A common approach to analysis & machine learning applied to audio is to use MelSpectrograms. In short, they are a numerical representation of a signal in both its time & frequency domain. I won't be detailing on the mathematical concepts behind it, but I do reccomend hevily to understand what they are before going on with the project. A good vulgarization can be found here: https://medium.com/analytics-vidhya/understanding-the-mel-spectrogram-fca2afa2ce53 In the article you will also find a link to a video from 3Blue1Brown on the Fourier Transform, an essential mathematical tool in the computation of a MelSpectrogram (highly recommended).
What we need to do is to compute the MelSpectrogram for every .wav file we have. To easily do this, we first generate metadata on the paths to each file, with the information on whether the sound is abnormal or not. The below class does exactly that and saves the metadata as .csv:
tuto/PreProcessing/metaPipeline.py
import pandas as pd
import os
import glob
class PipelineMeta():
def __init__(self):
"""
Initialize class with paths to normal/abnormal .wav files
"""
self.paths=[
"data0db/fan/id_00",
"data0db/fan/id_02",
"data0db/fan/id_04",
"data0db/fan/id_06",
"data6db/fan/id_00",
"data6db/fan/id_02",
"data6db/fan/id_04",
"data6db/fan/id_06",
"data66db/fan/id_00",
"data66db/fan/id_02",
"data66db/fan/id_04",
"data66db/fan/id_06",
]
def datasetGenerator(self,
targetDir,
normalDirName="normal",
abnormalDirName="abnormal",
ext="wav"):
"""
For a given path, define path to each .wav, noting information on normal/abnormal
input
targetDir: path to ind. machine
normalDirName: name for normal .wav files
abnormalDirName: name for abnormal .wav files
ext: extension for audio files
output
normalSet: pandas dataframe contaning file path to all normal .wav audio files of targetDir
abnormalSet: same as normalSet, but for abnormal .wav
"""
# 01 normal list generate
normalFiles = sorted(glob.glob(
os.path.abspath("{dir}/{normalDirName}/*.{ext}".format(dir=targetDir,
normalDirName=normalDirName,
ext=ext))))
normalLabels = False
# 02 abnormal list generate
abnormalFiles = sorted(glob.glob(
os.path.abspath("{dir}/{abnormalDirName}/*.{ext}".format(dir=targetDir,
abnormalDirName=abnormalDirName,
ext=ext))))
abnormalLabels = True
normalSet = pd.DataFrame({"filePath":normalFiles,"label":normalLabels})

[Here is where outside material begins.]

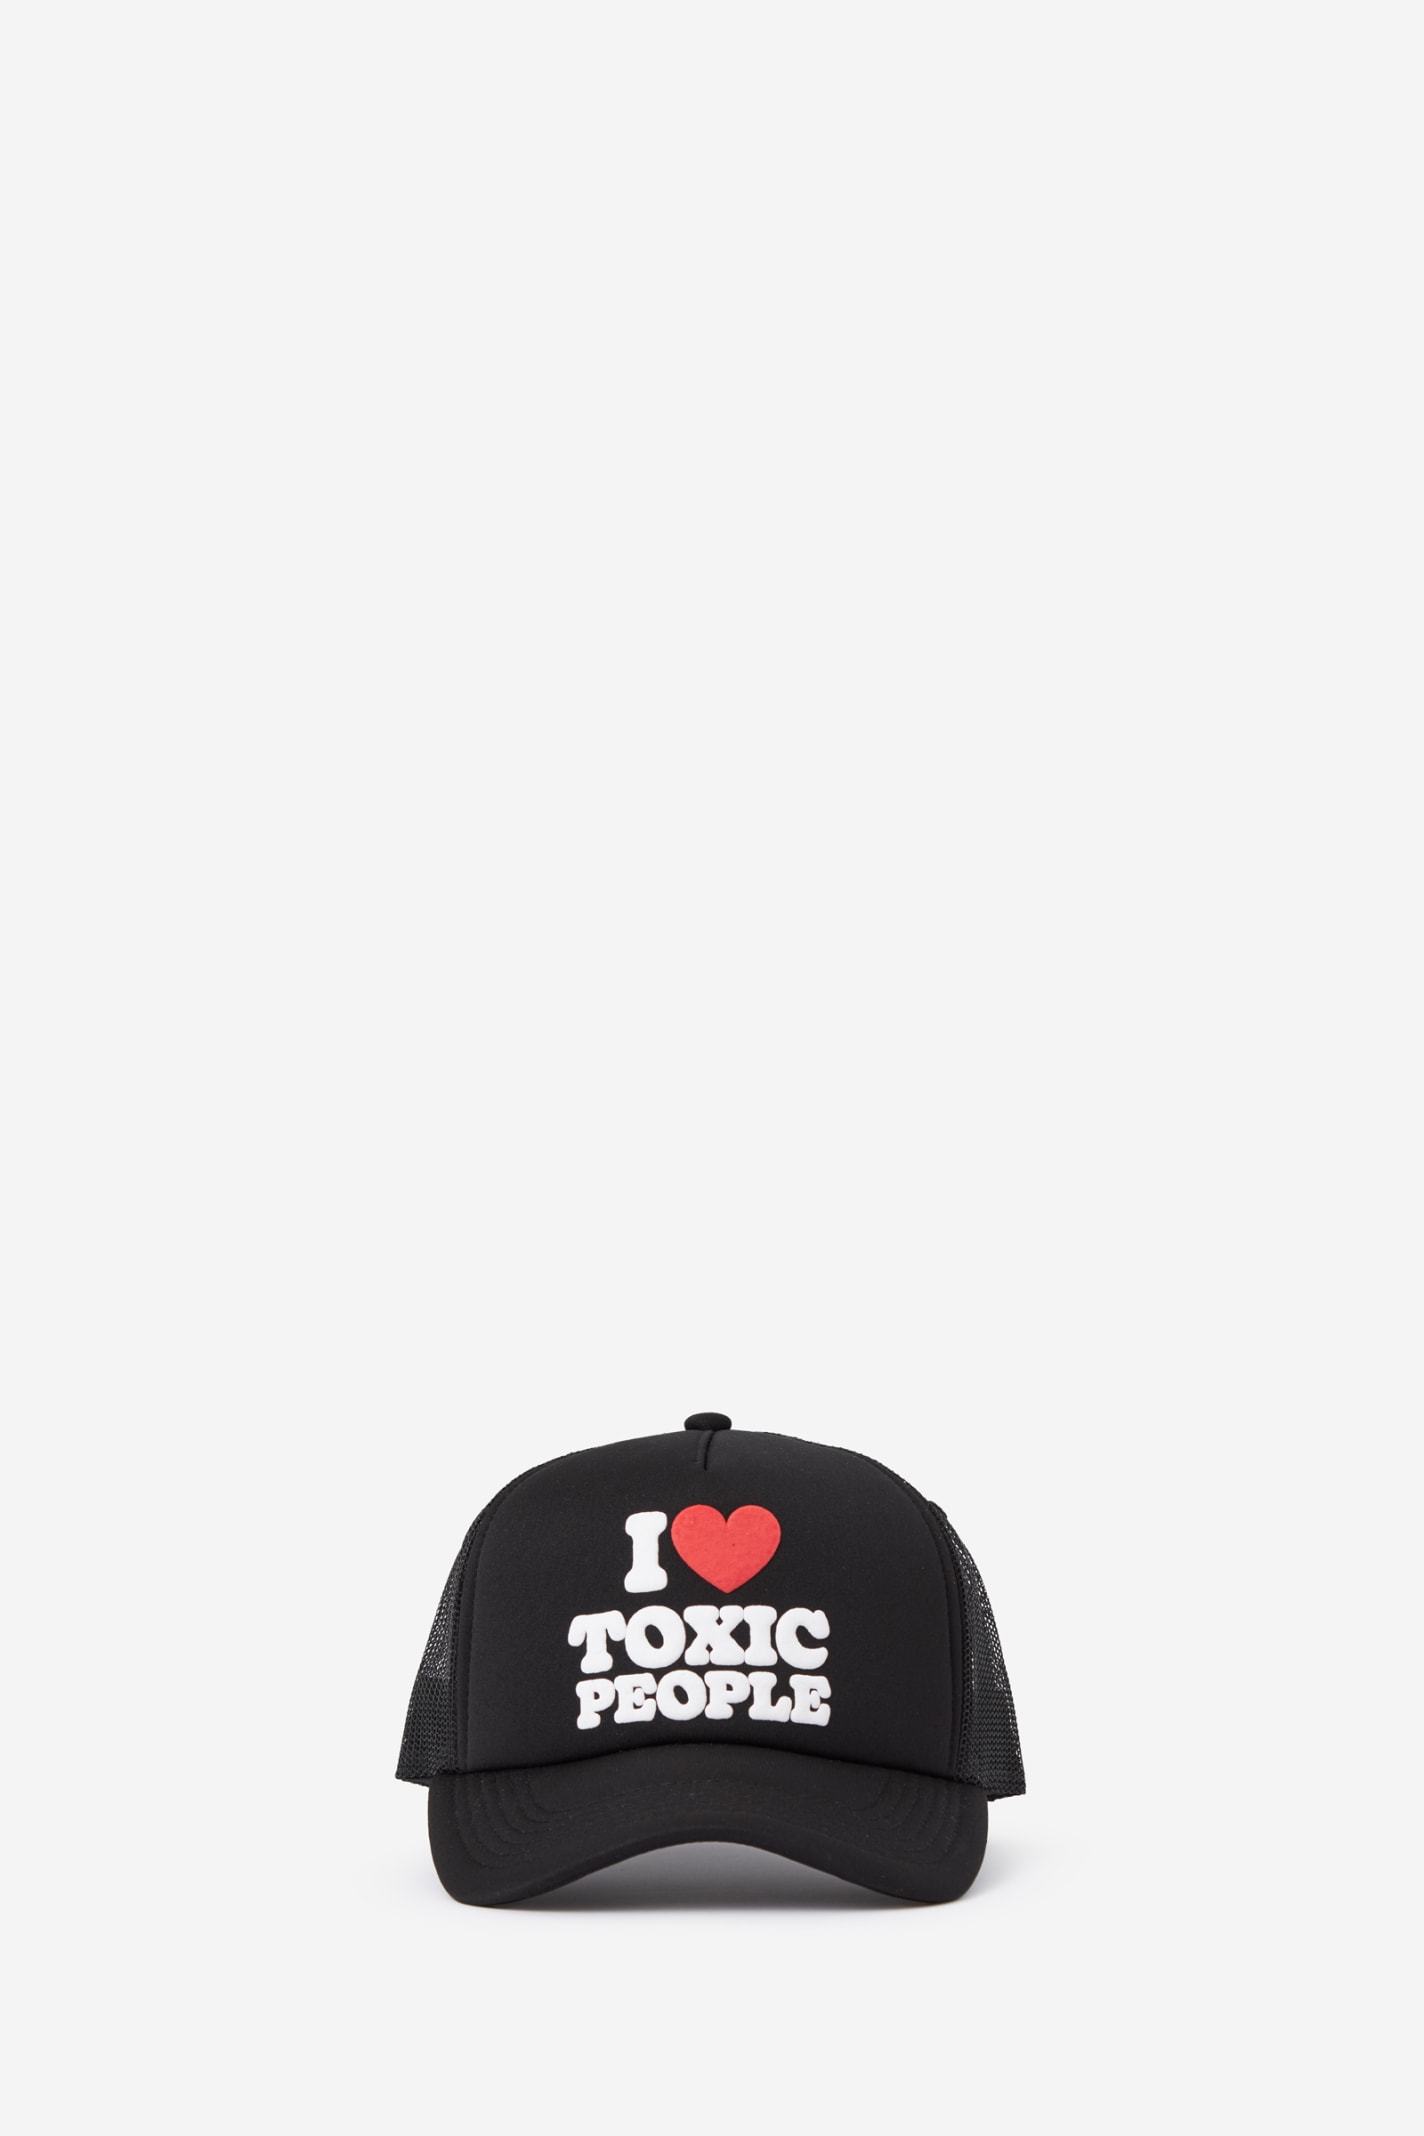 Toxic Trucker Hats

abnormalSet = pd.DataFrame({"filePath":abnormalFiles,"label":abnormalLabels})
return normalSet, abnormalSet
def metaGenerator(self, save=False, metaFileName="Meta.csv"):
"""
Method to loop through all individual independent machines for all 3 types of added white noise
input
save: Boolean parameter to save output of method (metadata dataframe) as csv
metaFileName: name for .csv if save=True
output
meta: Dataframe containing filepaths to every .wav in given paths (self.paths from __init__)
"""
normalSet, abnormalSet = self.datasetGenerator(self.paths[0])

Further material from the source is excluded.